Background
Osteosarcopenia, defined as the co-existence of osteopenia/osteoporosis and sarcopenia, may influence frailty risk in older adults. However, the longitudinal association between osteosarcopenia or its components and frailty remain unclear. This study aimed to address this.
Methods
Data from a prospective cohort study of community-dwelling adults in Australia. Frailty was defined by the presence of ≥ 3 components based on Fried criteria: exhaustion, slow gait speed, low grip strength, unintentional weight loss, and low physical activity. Osteosarcopenia was defined by osteopenia/osteoporosis (WHO criteria) and sarcopenia (European Working Group on Sarcopenia in Older People [EWGSOP2] and Sarcopenia Definition and Outcome consortium [SDOC]). Multivariable logistic regression models evaluated the associations between osteosarcopenia, its components and frailty.
Results
Of 300 enrolled, 151 (mean age: 65.1years, 59.6%women) completed follow-up (median: 4.8 years). Among 143 non-frails at baseline, 13 (9.1%) transitioned to frailty. Osteosarcopenia (versus non-osteosarcopenia) was associated with frailty irrespective of the definition used: EWGSOP2: OR = 9.53, 95%CI 2.53–35.92; SDOC: OR = 9.19, 95%CI 2.19–38.56). Grip strength reduction by 1 kg (OR = 0.92, 95%CI 0.84–1.00) and gait speed reduction by 0.1 m/sec (OR = 0.67, 95%CI 0.53–0.85) were associated with 8% and 33% lower odds of frailty, respectively, whereas bone mineral density or lean mass was not.

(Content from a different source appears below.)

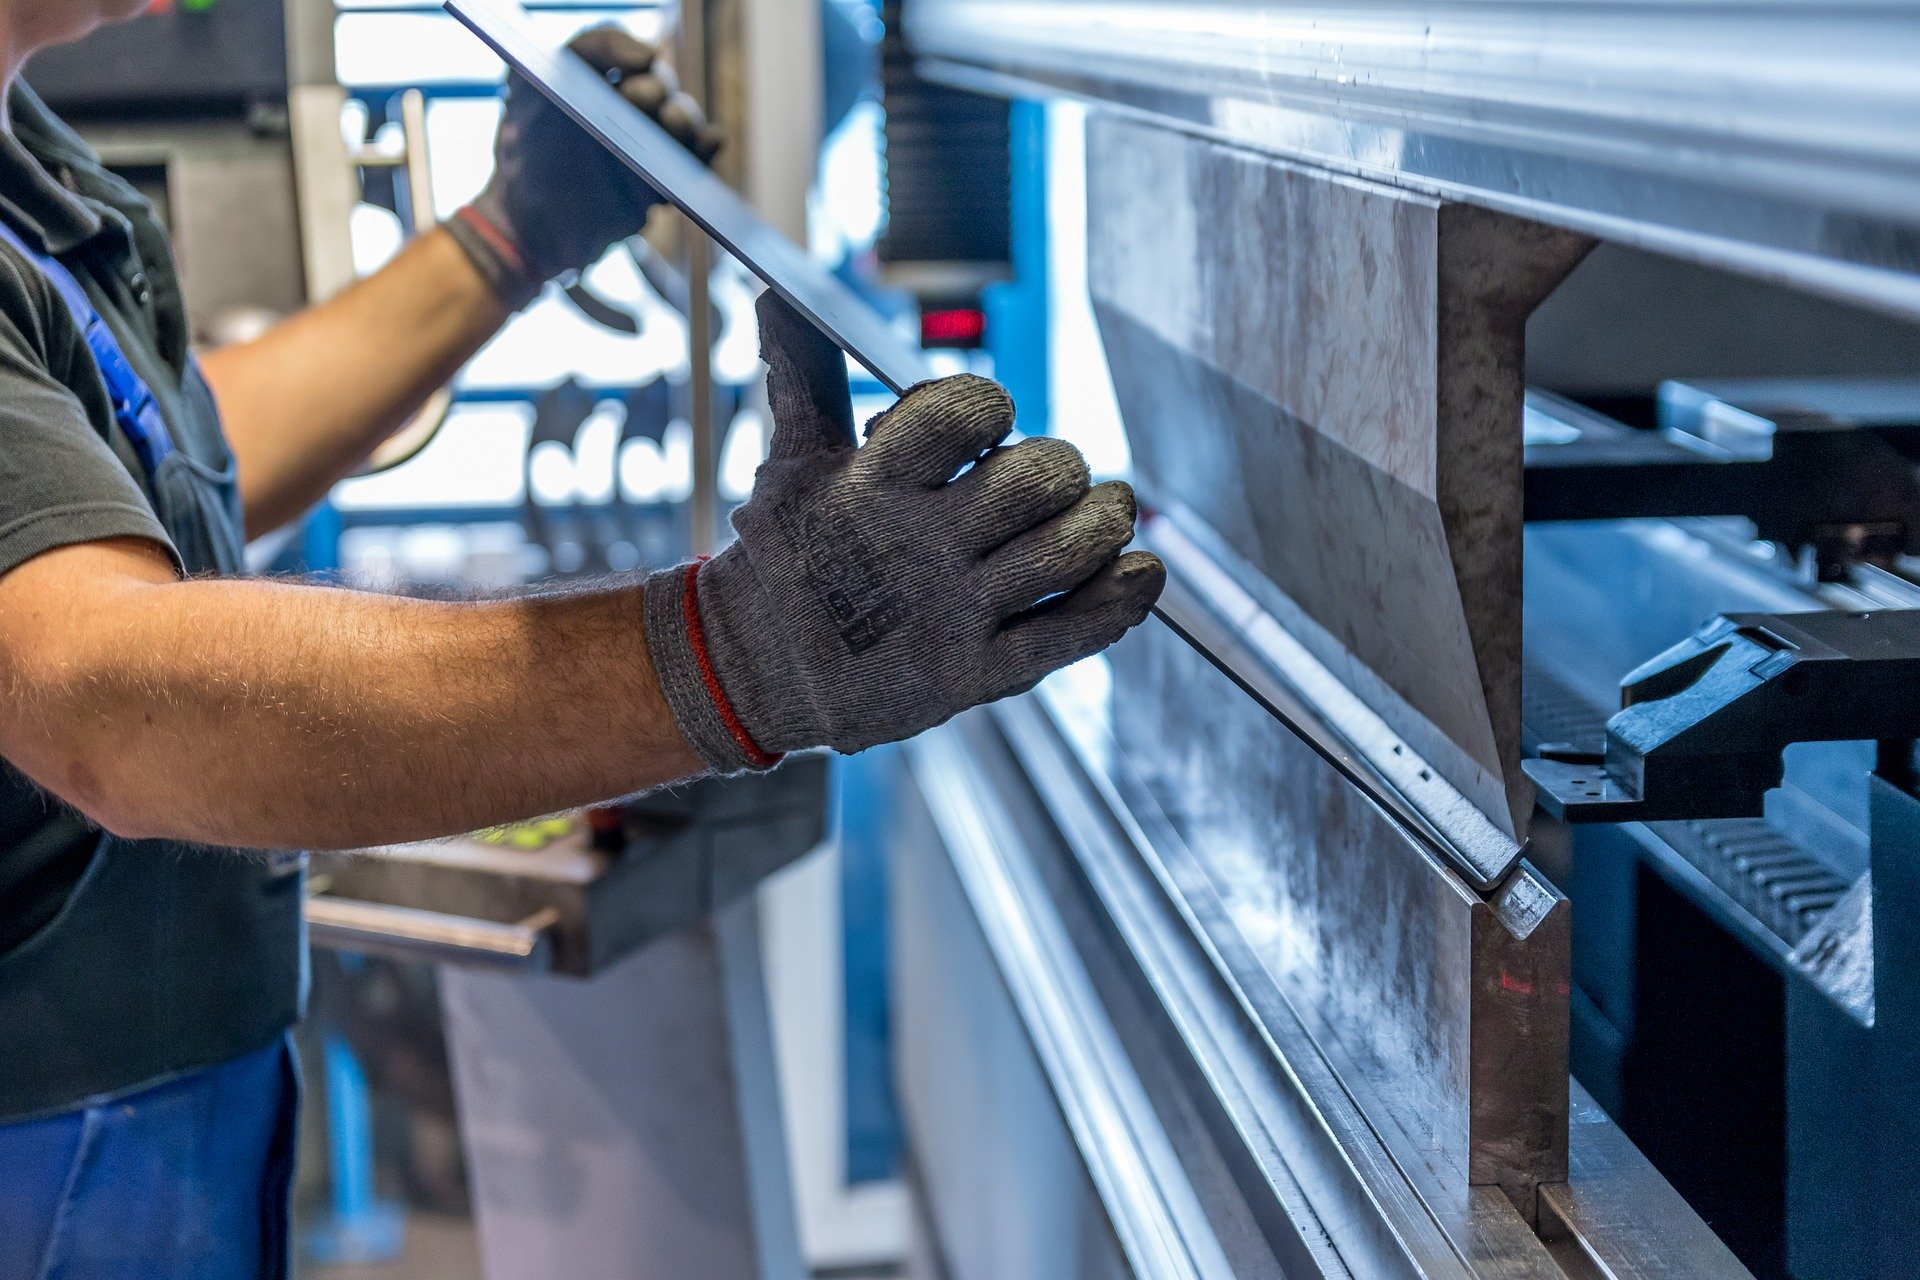 An einer Maschine wird durch einen Arbeitenden ein Metallstück bearbeitet.

An interaction between bone-muscle function and frailty risk was observed (p < 0.011), whereby higher values of grip strength were associated with lower odds of frailty when bone density was lower.
Conclusion
In this prospective cohort study, osteosarcopenia increased the risk of frailty. Our interaction analysis suggests therapies targeting bone density and grip strength may mitigate frailty.